U.S. Bars RBS From Managing 401(k)s in Rare Warning to BanksBy and
Labor Department rejected waiver request after guilty pleas
Similar requests are pending for Och-Ziff, Deutsche Bank
The U.S. government has prohibited Royal Bank of Scotland Group Plc from managing 401(k) plans and other retirement funds, a decision that has little impact on its business but that could send a signal to other banks and hedge funds with criminal records.
RBS was required to seek special permission from the Labor Department to continue managing certain classes of U.S. retirement and pension money after the parent company pleaded guilty to foreign-exchange collusion and a unit admitted to interest-rate manipulation. The Labor Department rejected the bank’s waiver request in an Oct. 6 letter obtained by Bloomberg, standing by a preliminary rejection it issued last year.
An RBS representative couldn’t immediately be reached for comment. The Labor Department didn’t immediately respond to requests for comment.
RBS has already exited its U.S. pension businesses as part of a restructuring. The lack of investors affected by the decision was one of the reasons the department cited in rejecting the request.
The Labor Department’s ruling represented a rare step for the government, which until now hasn’t knocked down big banks’ requests to continue certain lines of business after guilty pleas.
“When you say to a manager that it can no longer qualify for a very key exemption that could allow pension assets to be managed more easily, that has the potential to be extremely significant," said Andrew Oringer, a Dechert LLP lawyer who specializes in pension issues. “It’s of real concern generically whenever we see that there’s more of a possibility of an ultimate rejection by the Department of Labor."
Och-Ziff Capital Management Group may need Labor Department permission to maintain its pension business after a unit pleaded guilty last month in connection with bribery in Africa. Och-Ziff has $39.2 billion under management, about 1 percent of which would be subject to a Labor Department waiver decision, it has said. Jonathan Gasthalter, an Och-Ziff spokesman, declined to comment.
Several other big financial firms -- including UBS Group AG, Citigroup Inc., Barclays Plc and JPMorgan Chase & Co. -- are also awaiting word on whether they will receive Labor Department permission to maintain their Qualified Professional Asset Manager, or QPAM, status. That category of pensions covers 401(k) plans and corporate pensions, among other retirement plans.

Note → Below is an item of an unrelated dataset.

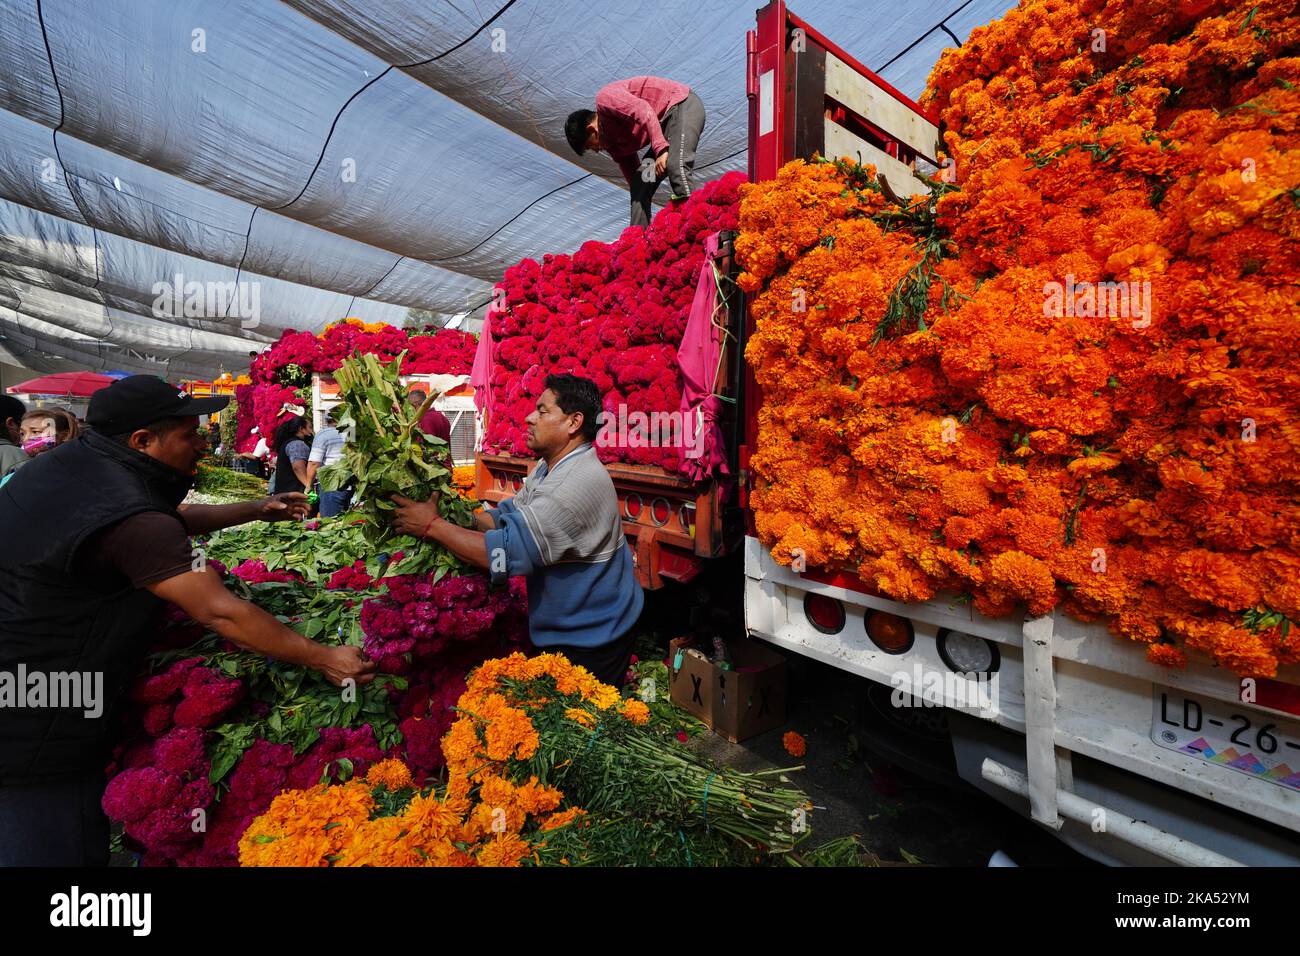 Mexico City, Mexico. 31st Oct, 2022. Flower sellers do brisk business selling red cockscomb and cempasuchil, the traditional flowers of the Day of the Dead flower used to decorate altars and gravesites during the annual festival at the Jamaica Flower Market, October 31, 2022 in Mexico City, Mexico. Credit: Richard Ellis/Richard Ellis/Alamy Live News Stock Photo

This month, the Labor Department proposed extending Deutsche Bank AG’s QPAM request to April 2017 as it considers granting a full exemption.
Representatives of the banks declined to comment or didn’t immediately respond to requests for comment.
Regulatory waivers have become politically fraught over the last two years, with lawmakers including Senator Elizabeth Warren, a Massachusetts Democrat, and Representative Maxine Waters, a California Democrat, pressing the Labor Department for tougher reviews of banks accused of crimes before clearing them to continue their pension-management businesses.
“We’re glad the Department of Labor is protecting our nation’s retirees by denying RBS the ‘stamp of approval’ QPAM status in the wake of RBS’ egregious criminal misconduct," Warren and Waters said in a joint e-mailed statement Wednesday. “We urge the department to fully utilize its disqualification authority” in pending bank cases, they added.
The U.S. Securities and Exchange Commission, which issues its own waivers for certain securities activities, isn’t inclined to use the process as an additional enforcement tool, SEC Chair Mary Jo White said last year.
It remains to be seen whether the Labor Department would take tough action against banks with significant asset management businesses, said Samuel Buell, a Duke University Law School professor.
“If doing it would require a bank to get out of a business that’s existentially important, I don’t expect them to do it” given the capital and jobs at stake, said Buell, a former federal prosecutor. “If it could be done symbolically without having that effect, I expect they’d do it to look tough.”
The Labor Department’s Oct. 6 letter faulted RBS for “the serious nature of the crimes and the numerous instances of fraudulent misconduct” leading to the convictions. But the department said it was unable to determine whether an exemption would protect U.S. retirement savers because the bank is no longer in the business of managing such money in the country.
The Scottish firm spun off its U.S. subsidiary, Citizens Financial Group Inc., in 2014 to boost capital. The Labor Department rejection pertains to all existing as well as future affiliates of the Edinburgh-based bank. The department told RBS that if there are “significant new facts or arguments," it can ask for its request to be reconsidered.